Between games, my dad and I still practice at home even though the team practices at the park a couple of times a week. The skill I've developed most during these sessions with Dad is the ability to daydream during practice as well. I haven't gotten any better at playing baseball, but the routine is so reliable that I can think and think and think about more interesting things and still catch and throw balls.
One afternoon near the end of the season, with only four games left on our schedule, Dad and I are throwing the ball around in the front yard near the curb and I miss one; it rolls into the street and falls in the sewer. He's a little mad because we don't have that many balls, and that was a new one. I'm a little excited because now we can't practice. He stands over the mouth of the sewer, hands on his hips again, gazing into the opening like he'll actually see the ball in there even though it's too dark. I've got my glove off and I'm skipping to the house, nearly dancing I'm so happy. “Grab the flashlight,” he says, and marches across the grass to the back yard.
Anything that goes down the sewer in the front of our house comes out of the big drainpipe over the creek behind our house. When it's raining, water gushes out like a spigot twisted all the way open. When I get down there with the flashlight, he's standing at the bottom of the hill, balancing his big body on some flat rocks. He's tall enough to peer into the opening of the pipe. I hand him the flashlight and start to run up the hill, but he calls my name.
“Eight feet at the most,” he says. Pointing the beam of the flashlight into the pipe, he sees the ball about six feet in. I slide down and stand beside him, not tall enough to see inside the pipe or see the ball, or see through the shimmering webs full of annoyed spiders squinting out at him. He wants me to crawl in there.

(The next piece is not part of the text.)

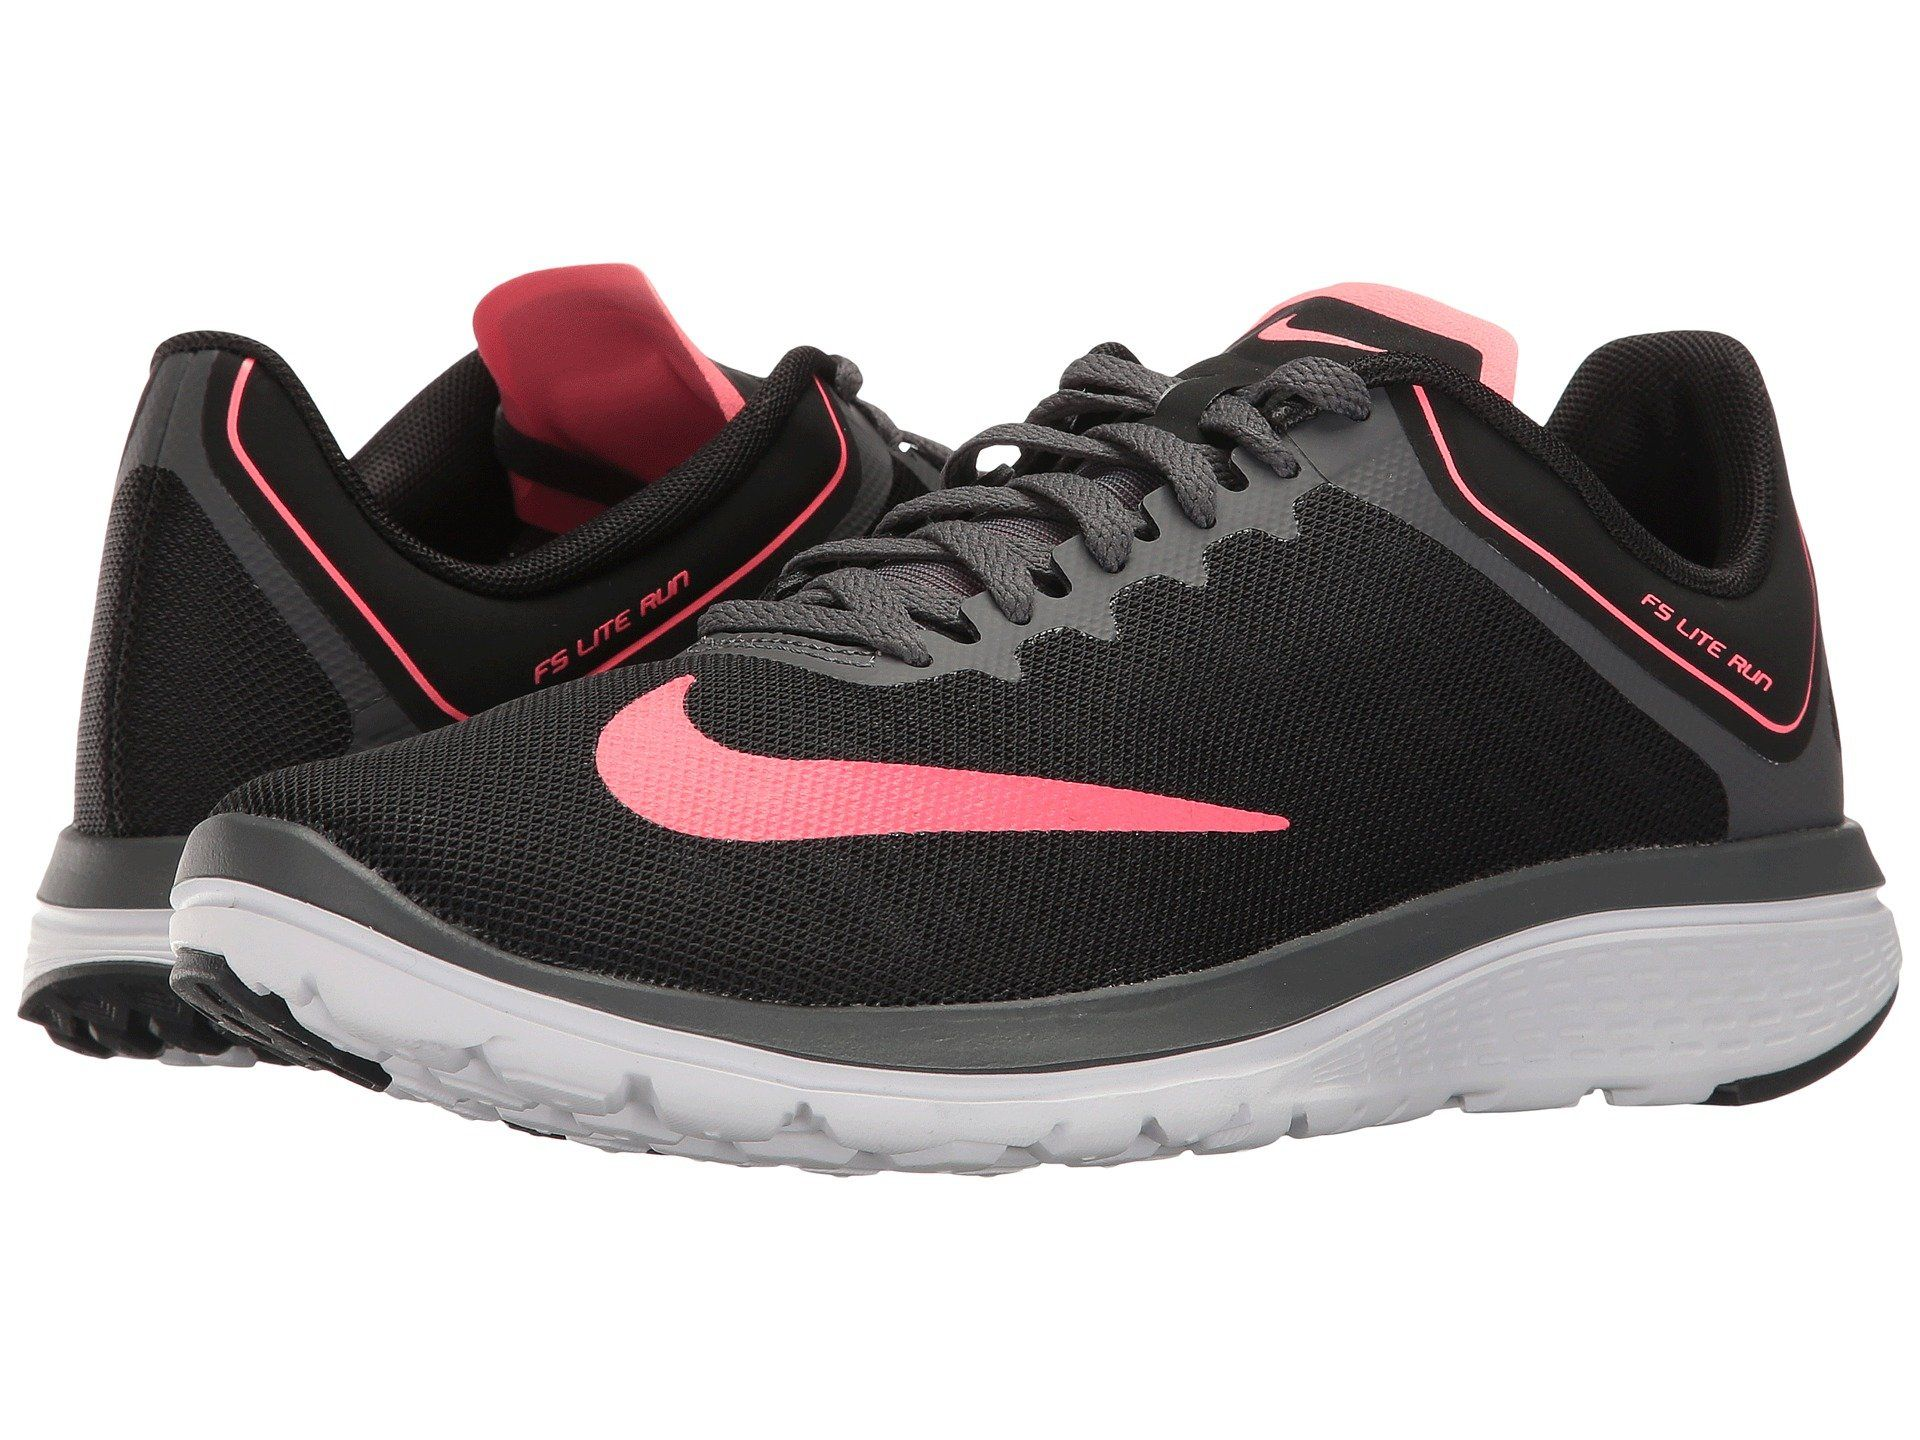 premium selection a5c1e 791b9 NIKE FS Lite Run 4. #nike #shoes # | Nike | Nike, Sneakers ...

Because he suggests it like it's no big deal, I have to act that way too, and just do it, without being a pansy or making yuck sounds. This is also trying—trying to help out, to be a good sport, to be a man about this. I climb up on him and he hoists me, his hands around my middle, lifting and pushing me headfirst into the pipe. It's dark and cool inside, and there's a small puddle of water trapped between each of the corrugated metal humps, and even though it's a little wider than my shoulders, I still have to scrunch myself up to move through. The smell inside is something like mud and something like spoiled milk, so I'm breathing only through my mouth and pushing myself forward with the rubber toe edge of my sneakers, my knees bumping
along the metal. His face is behind me, looking in and shining the flashlight. “See it?” he asks. His voice sounds tiny and far away. The ball is right in front of me with dark stuff smeared on it. My reaching arm moves through a net of spider webs and feels like I'm pulling on an invisible sleeve. I stretch out and my fingers slide off the slick side of the ball. Then I push myself in one more inch so I've got it, my palm pressing down on the ball's smooth skin and neat stitches like I'll never let it go. It's so black I can't see anything except the ball squeezed in my hand. But as much as it stinks and it's cold on my belly where my T-shirt is soaked and I want to slap the spiders dropping down their strings above my white legs, as much as I want to be a pansy, inside this drainpipe it's also somehow safe. I've found the place where I have control of the ball, where it can't humiliate me, where I am finally better at something than he is. No catching and throwing and no grounders. He knows I hate crawling around like this, but I know if I lie quietly enough and pretend I'm doing something brave, maybe we won't have to play this game anymore.